This research taps into a largely unexplored body of work by Xinjiang-based academics and officials who argue that the region’s terrorism problem requires optimizing Xinjiang’s ethnic population structure – particularly in the south. Overly populous and concentrated ethnic minorities are seen as a breeding ground for religious extremism.

The remainder of the paper is structured as follows. The next section discusses the most recent data on natural population growth in southern Xinjiang. The third section analyses official and academic discourses on ethnic population optimization, which basically calls for increased Han population shares. The fourth section evaluates the state policy of interethnic ‘embedding’ (qian ru ??) (e.g., Li 2019, 110), which represents a concrete measure for mitigating the perceived Uyghur population threat by diluting ‘problem’ populations and mitigating their ‘negative energy’ by embedding Han populations; it also examines official concerns about overpopulation in southern Xinjiang given its fragile ecology, which limits the number of Han migrants and thus necessitates further ethnic minority birth reductions. The final section estimates the ethnic minority population loss that could result from this set of policies.
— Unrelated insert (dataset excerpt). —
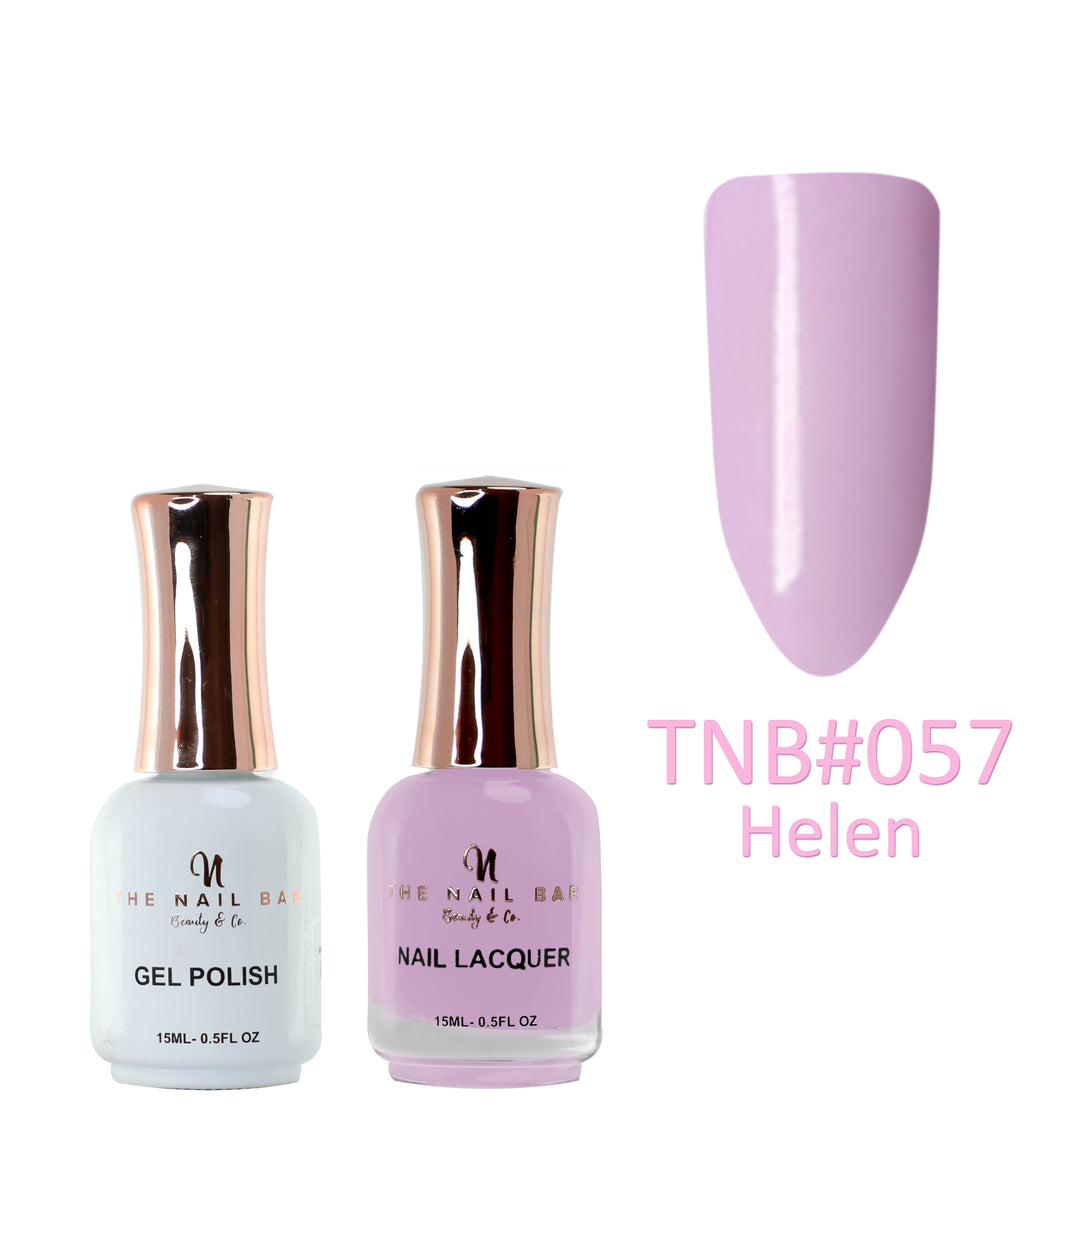 Dual Polish/Gel colour matching (15ml) - Helen - The Nail Bar Beauty & Co.

These estimates are relevant to the Genocide Convention’s reference to ‘destruction in part’.

The PRC’s goal of ‘optimizing the population’ appears as a metanarrative through this literature, and informs our understanding of the wider, longer term intentionality of the state regarding its ethnic minority populations. Population optimization discourses when focused on Han often deal with ageing and shrinking workforce sizes; when focused on Xinjiang’s ethnic minorities, they are predominantly concerned with counterterrorism and national security (besides also dealing with gender ratios). In this view, the existence of Uyghur population centres with distinct religion and culture is considered a threat.

A brief overview of Xinjiang’s birth control regime and recent developments

In early 2016, the Chinese government abolished its decade-long one child policy, permitting all families to have two children (PRC Government 2016). Since then, the state has actively encouraged couples to have more children – what researchers call ‘political steering’ to optimize population trends (Alpermann and Zhan 2018).
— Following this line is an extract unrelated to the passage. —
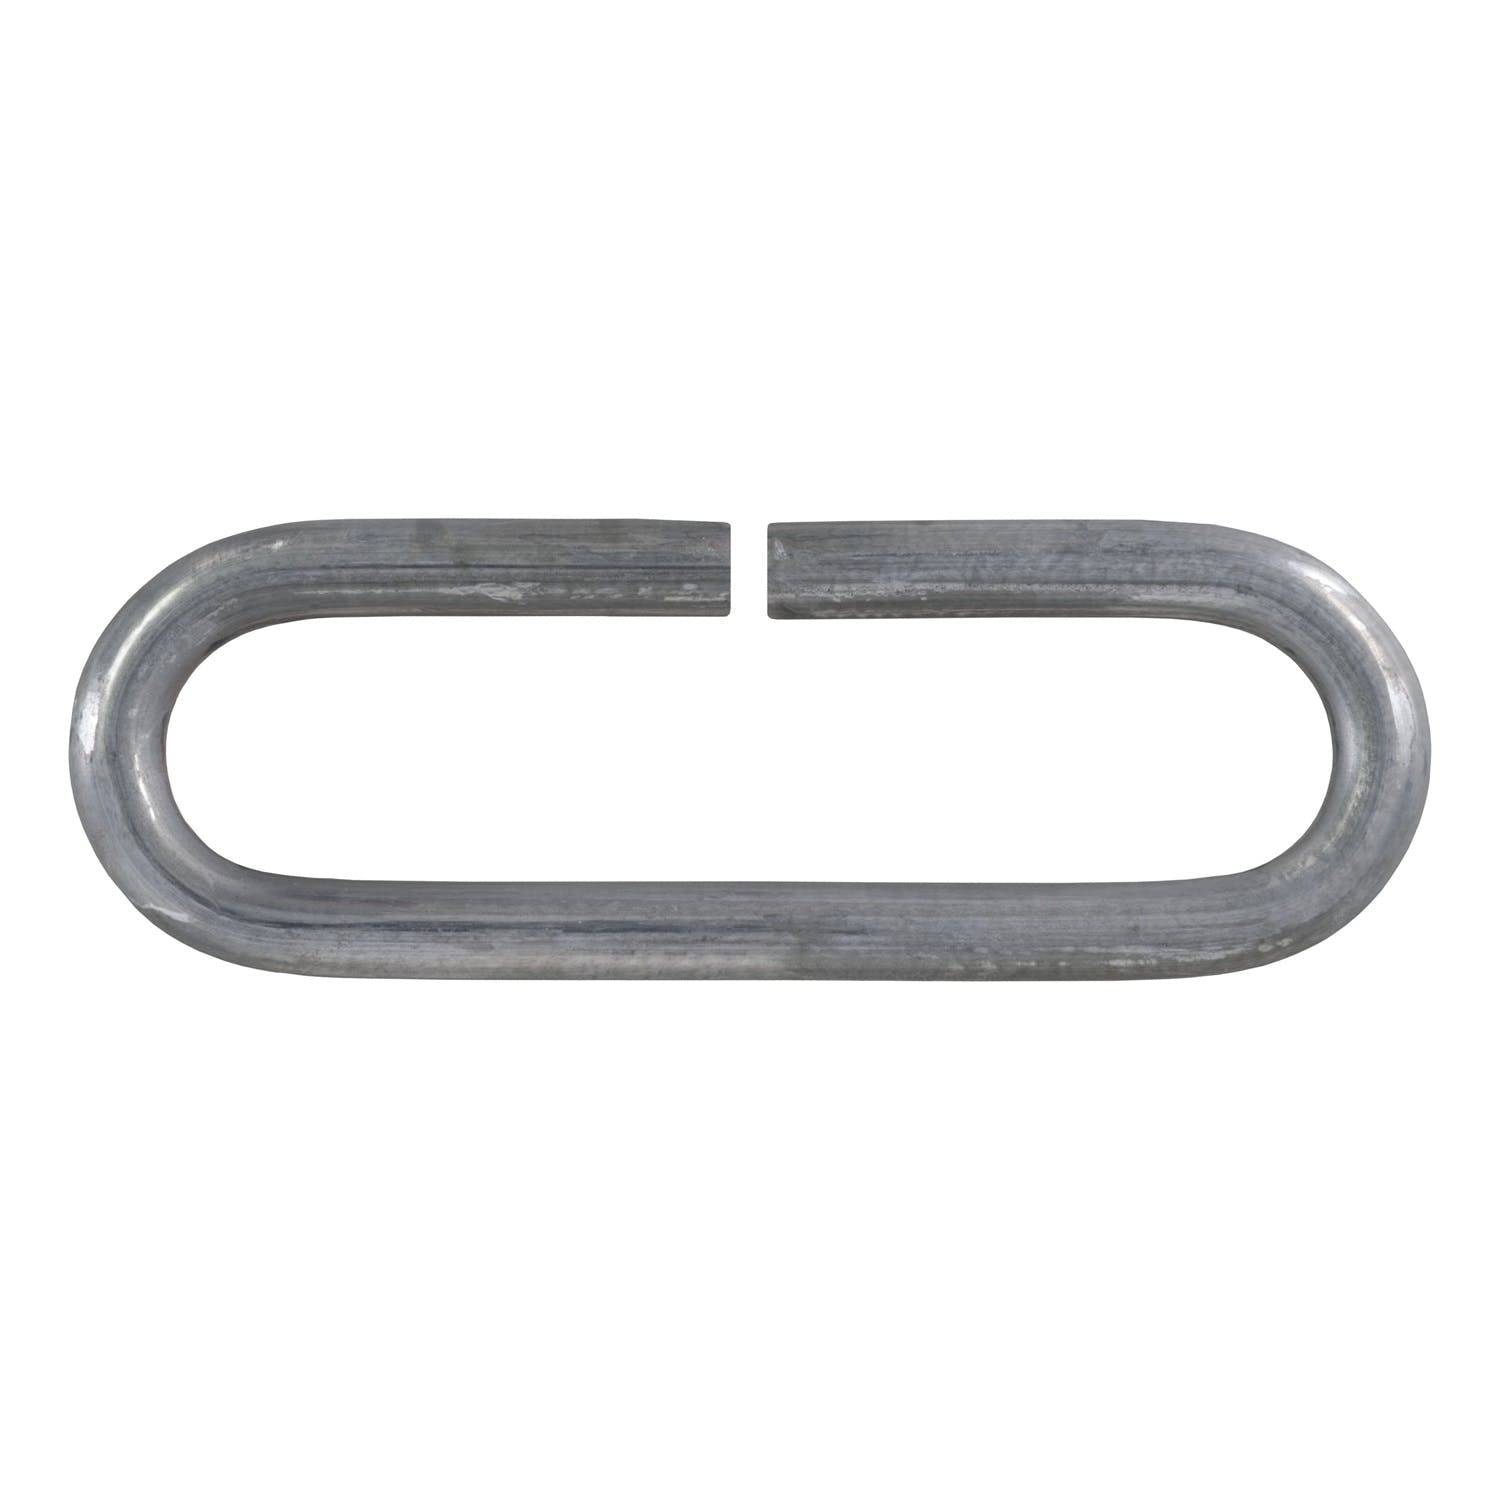 CURT 49950 Raw Steel Weld-On Safety Chain Loop (10,000 lbs. Capacity)

In China’s north-western XUAR, high natural population growth rates have long been a subject of concern for the authorities (Zenz 2020b). Mandatory family planning was implemented for Xinjiang’s Han starting in 1975 (Sautman 1997, 6). In 1983, the region sought to limit urban ethnic minority families to two children, rural minority families to three children and those in remote areas to four. The enforcement of these measures sparked a demonstration in 1985, and predominantly Muslim ethnic groups were subsequently permitted to have up to four children (Sautman 1997, 7).

Amid criticisms of preferential policies towards ethnic minorities by proponents of the PRC’s Second Generation Ethnic Policy, efforts to roll back preferential birth quotas gradually gathered pace (Leibold 2014). In 2014, after Xi Jinping’s visit to Xinjiang, the region’s party secretary Zhang Chunxian argued that all ethnic groups should have equal birth quotas (Cliff 2016, 204). In 2015, a senior Xinjiang official argued that the region needed to combat ‘worryingly high birthrates’ (Hong-Fincher 2018, 180). In 2017, when large numbers of ethnic minorities were interned in re-education camps, the region issued an updated family planning policy that permitted Han to have the same number of children as minorities: two children for urban and three for rural families (Zenz 2020b, 10).

Since then, Beijing’s family planning policies in Xinjiang rapidly became draconian. Starting in 2018, birth control violations were liable to be punished with extrajudicial internment, with a leaked internal document (the Karakax List) showing that a violation of birth control measures was the most common reason for such internment (Zenz 2020a2020b, 10–11). In 2018, the region performed 243 sterilization procedures per 100,000 population, compared with 33 per 100,000 in the rest of the country (Zenz 2020b, fig. 9). By 2019, at least 80% of women of childbearing age in rural southern Xinjiang were subject to ‘birth control measures with long-term effectiveness’, including the placement of intrauterine devices or sterilization (Zenz 2020b, 12).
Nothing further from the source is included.